→ PROBLEM
Among the lines of the listing below, retype exactly those from the one containing "Seagrass Changing basket including mattress" through the one containing "Ray Ban Clubmaster", both included. Do not include pictures.

→ EXERCISE MATERIALS
================================
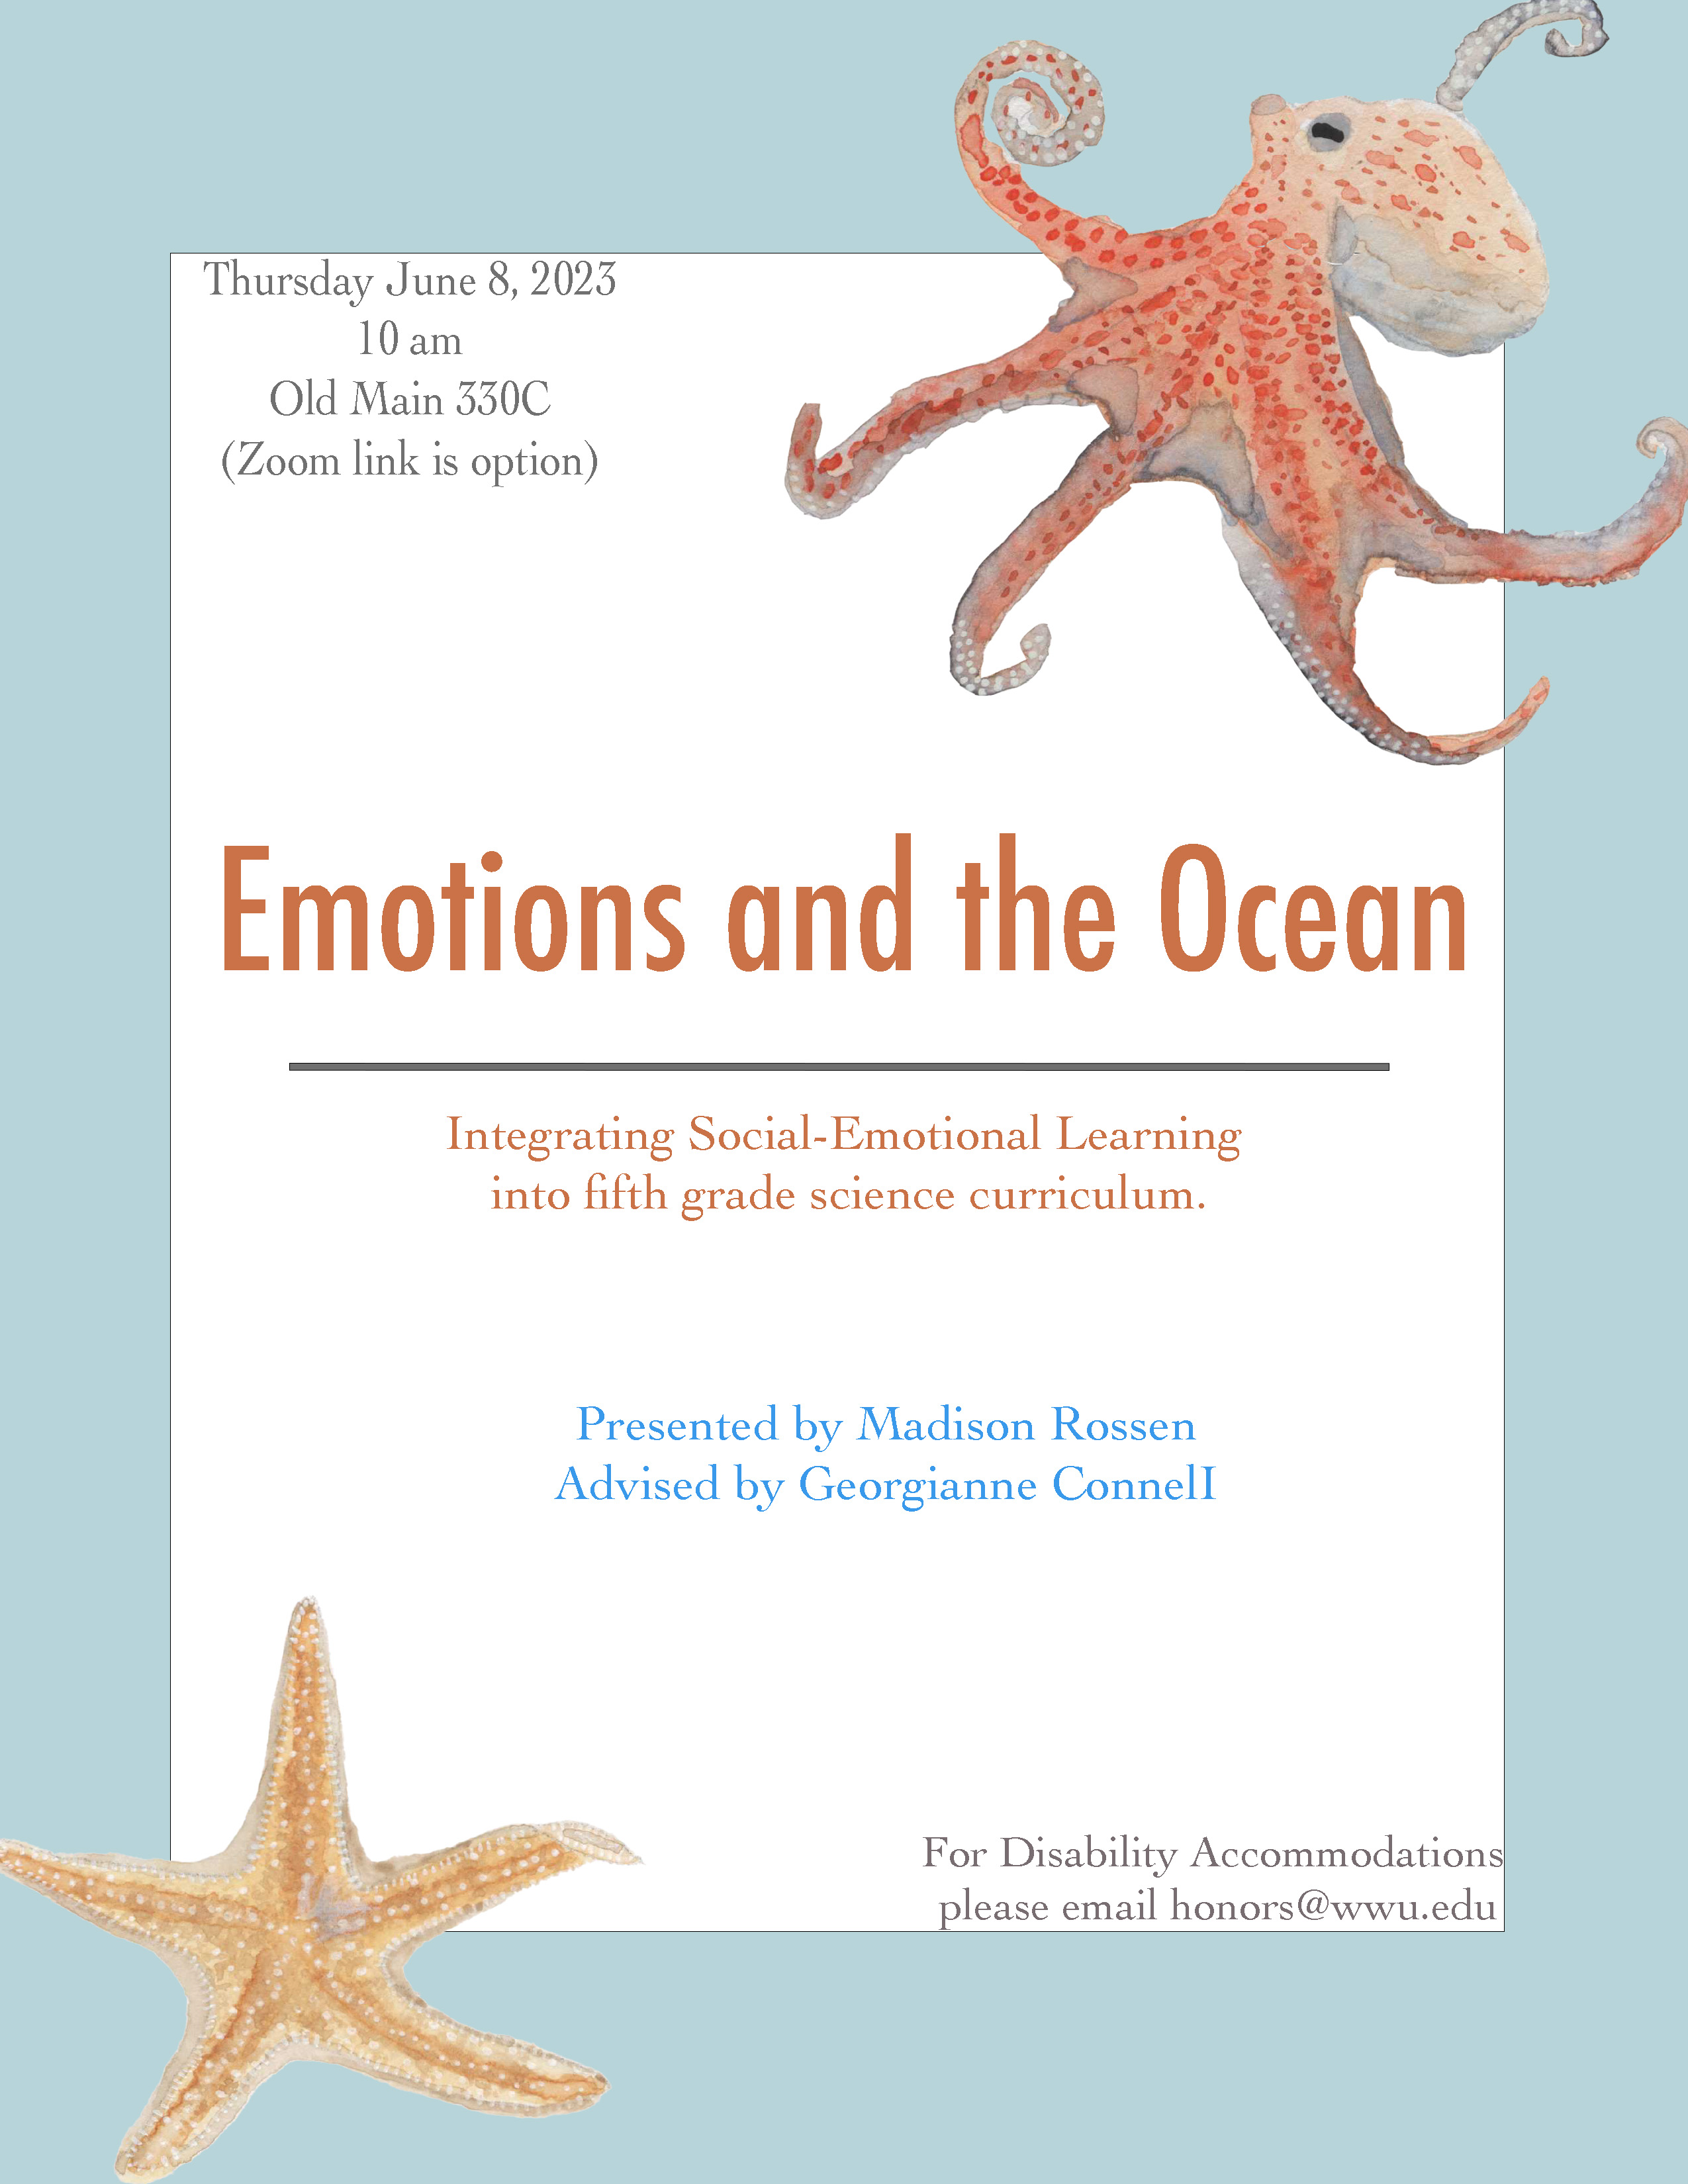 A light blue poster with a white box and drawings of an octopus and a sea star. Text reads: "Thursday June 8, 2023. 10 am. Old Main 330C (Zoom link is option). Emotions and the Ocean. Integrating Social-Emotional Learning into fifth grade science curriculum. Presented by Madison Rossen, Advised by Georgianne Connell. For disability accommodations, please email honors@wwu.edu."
================================
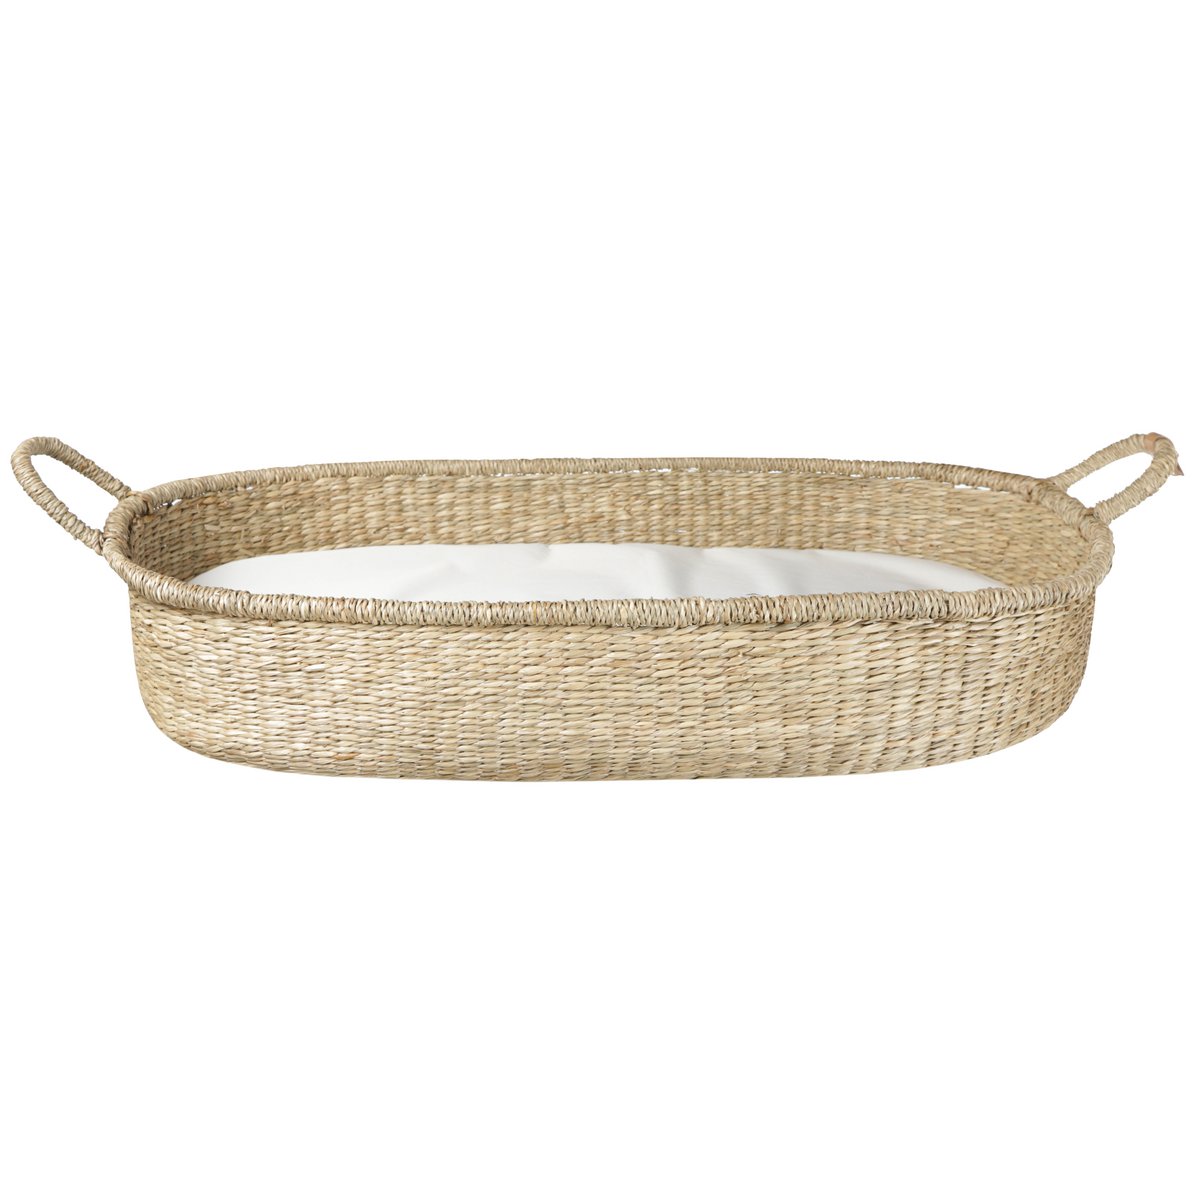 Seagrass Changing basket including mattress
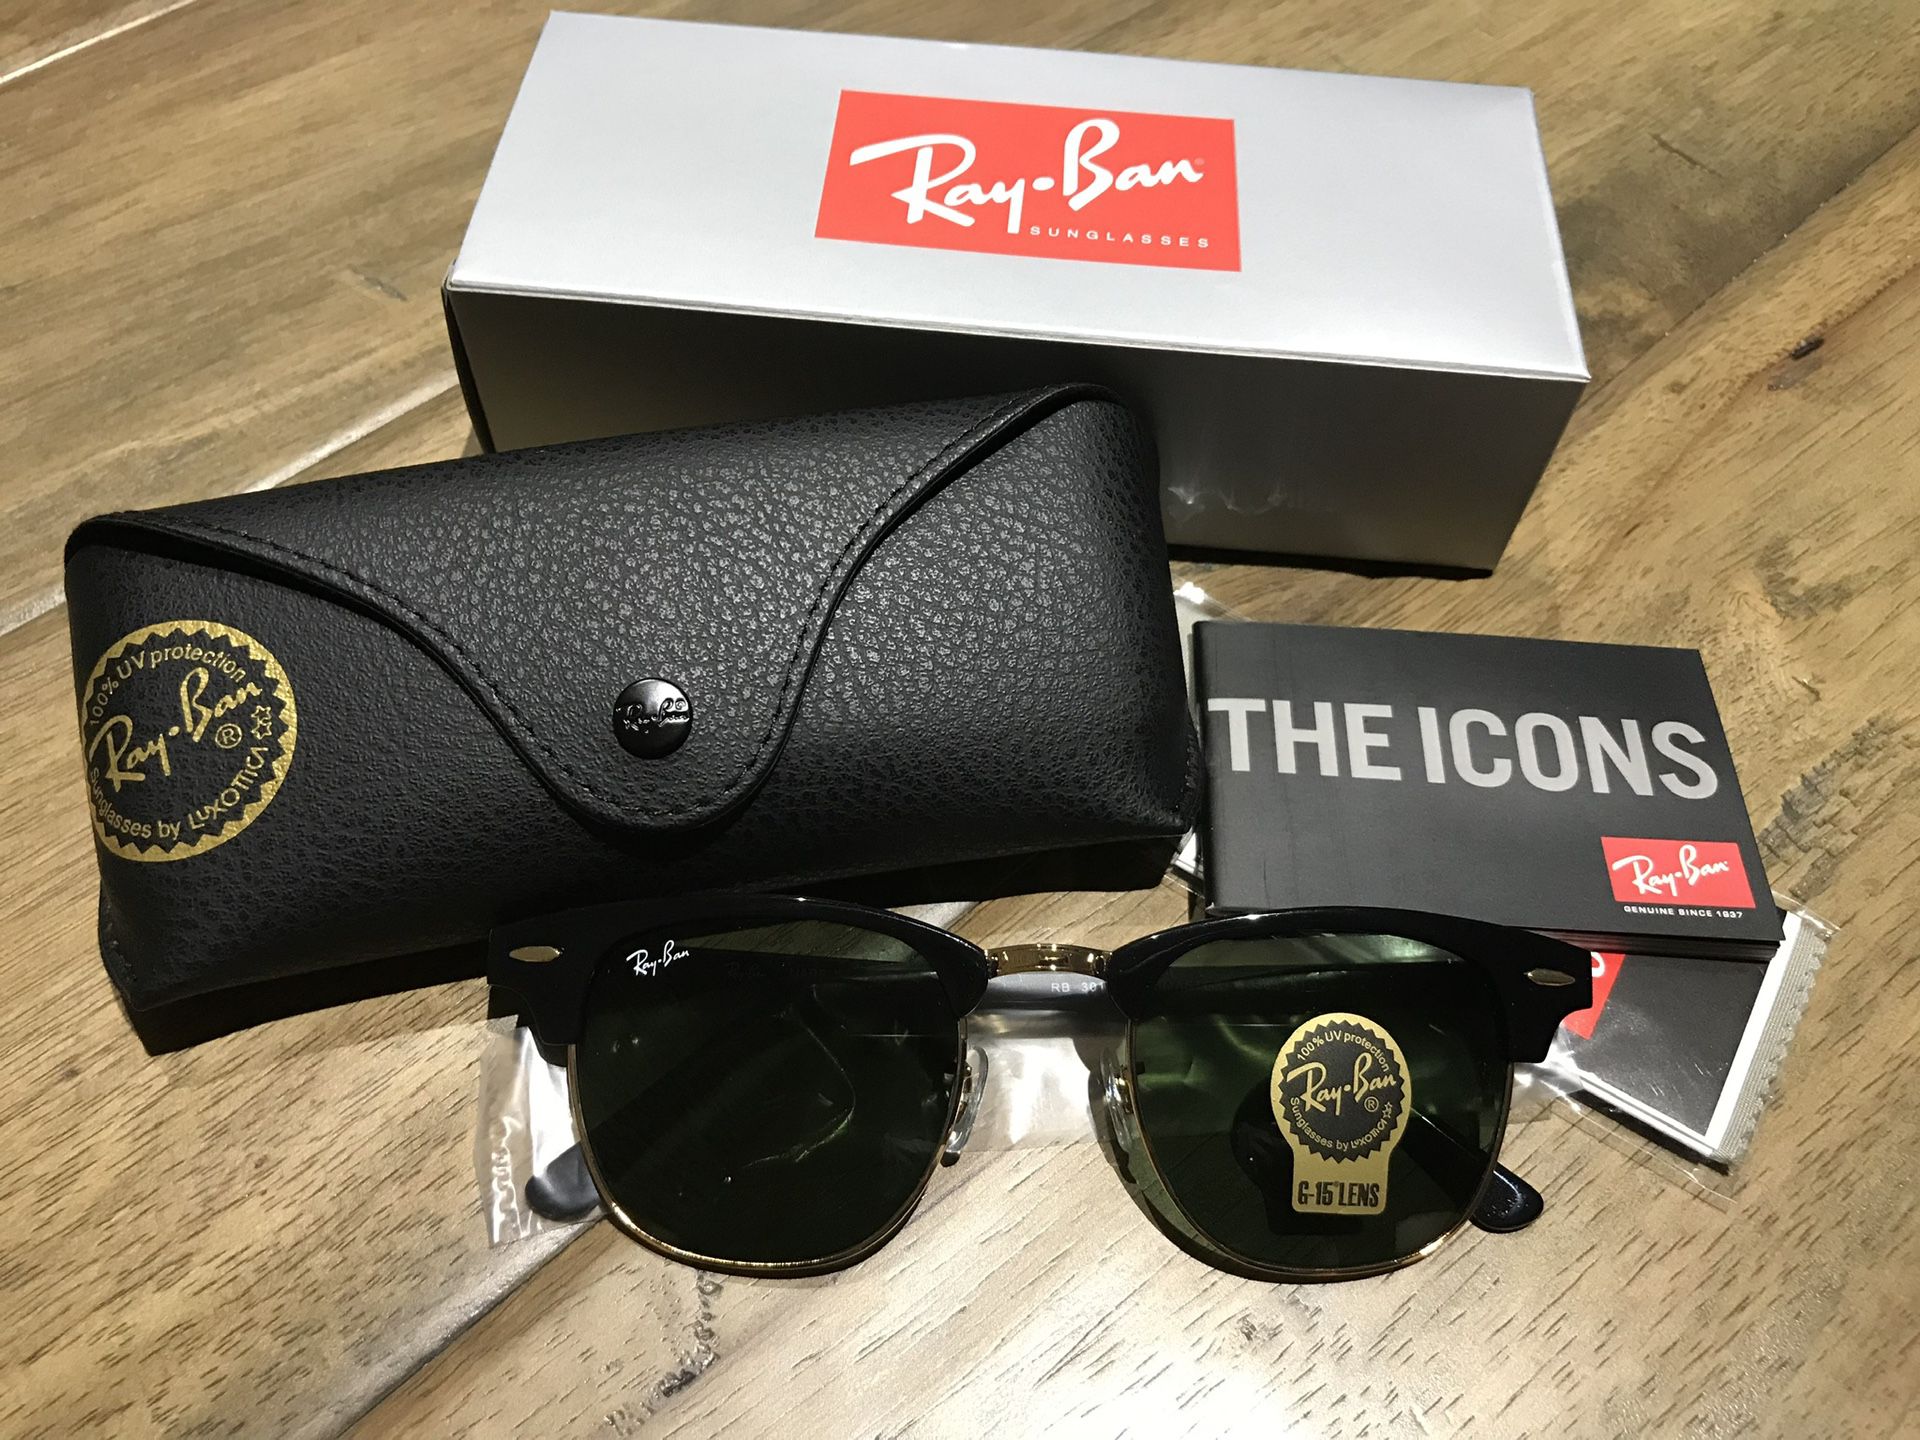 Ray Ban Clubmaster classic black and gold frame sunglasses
================================
→ OUTPUT OF THE EXERCISE
 Seagrass Changing basket including mattress
 Ray Ban Clubmaster classic black and gold frame sunglasses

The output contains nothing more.